In order to visualize viable bacteria and the EPS, standard staining techniques were used. The bacteria were stained with SYTO® 17 Red (Molecular ProbesTM, Invitrogen) and the EPS was stained green with Alexa Fluor® 488 (Molecular ProbesTM, Invitrogen), a conjugate of succinylated concanavalin A22. Images of the bacteria attached to titanium surfaces and the EPS were recorded with a confocal laser scanning microscope (CSLM) Olympus Fluorview FV1000 Spectroscopic Confocal System. The system included an inverted microscope OLYMPUS IX81 [with 20×, 40× (oil), 100× (oil) UIS objective lenses] and was operated with multiple Ar, He and Ne laser lines (458, 488, 515, 543, 633 nm). The 488 nm laser was used to image the concanavalin A Alexa® 488 dye and the 543 nm laser was used to image the SYTO® 17 Red. Avizo package, version 6.3 was employed to process the CSLM images and construct 3D visualization.

To quantify 3D biofilm image stacks, specialized computer software, COMSTAT, was used51. Scanned areas were exported into a stack of grey-scale 8-bit images by Fluoview FV 7.0. Two quantitative parameters of biomass density were used to describe the pattern of attached bacterial cells on the titanium surfaces51: (i) the biovolume, which encompasses both cells and EPS and (ii) the average biofilm thickness. Both parameters have the dimension of length: the biovolume represents the overall volume of the cells and EPS per unit area of substrate and the average biofilm thickness provides a measure of depth size of the cells and EPS. For the purposes of statistical analysis twenty five fields of view were examined.

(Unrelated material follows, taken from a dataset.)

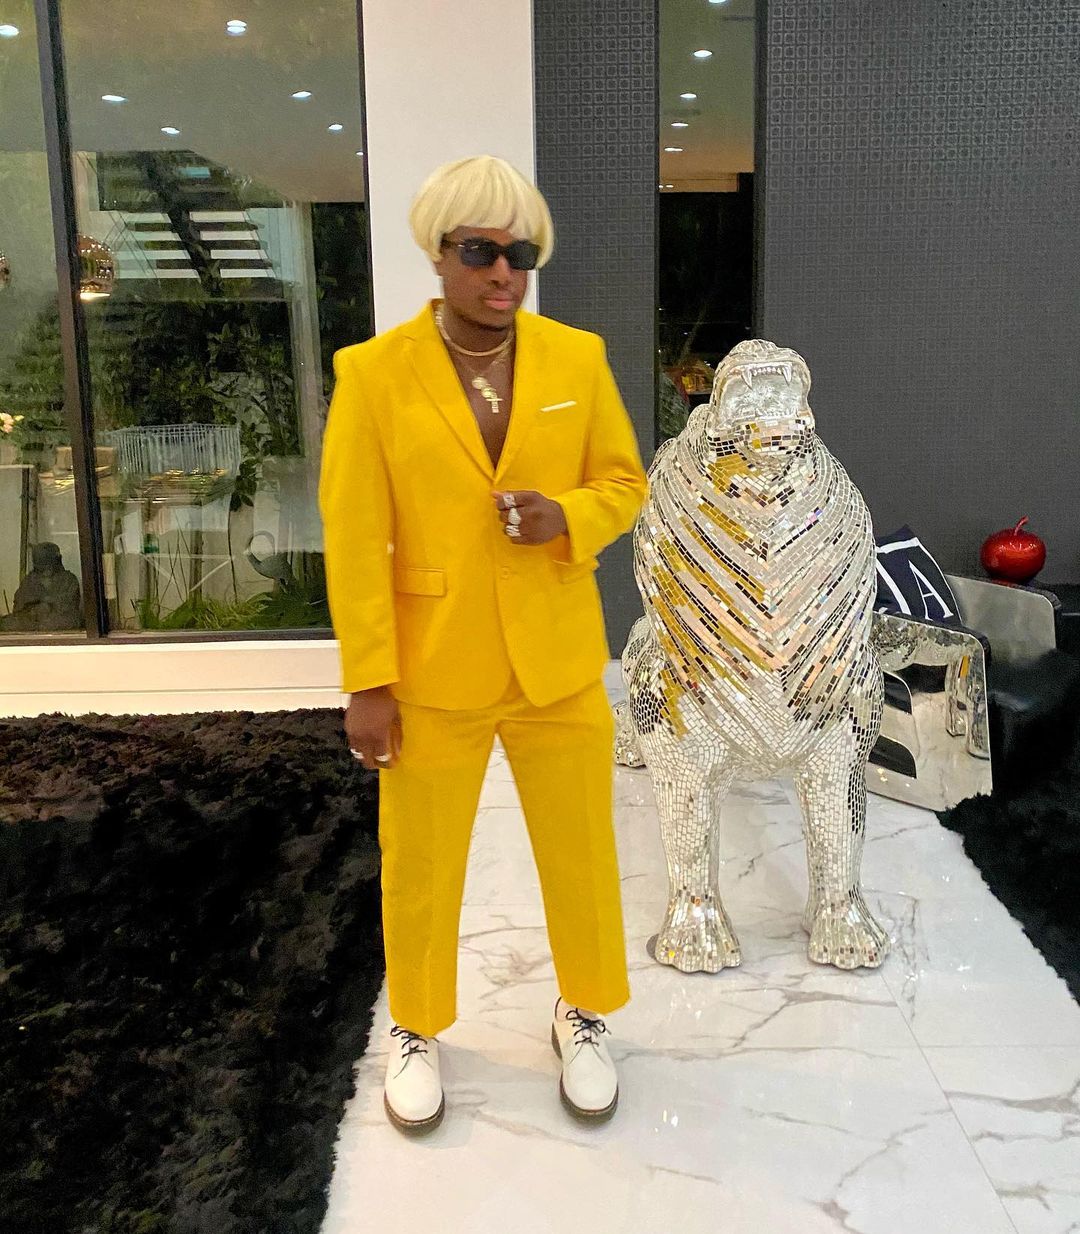 The Best-Dressed Creatives On Instagram For Halloween

In all scanning electron microscopy experiments, titanium surfaces with attached bacteria were gold-coated as previously reported22. High-resolution images of titanium thin films with the retained bacterial cells were taken using an FESEM (ZEISS SUPRA 40VP) at 3 kV at 1,000×, 5,000× and 20,000× magnification. Images at 1,000× and 5,000× magnification were used to calculate the number of bacteria attaching to the titanium surfaces; the results were statistically analyzed. Each of attachment experiments were repeated twice and five data points of each repeat were collected.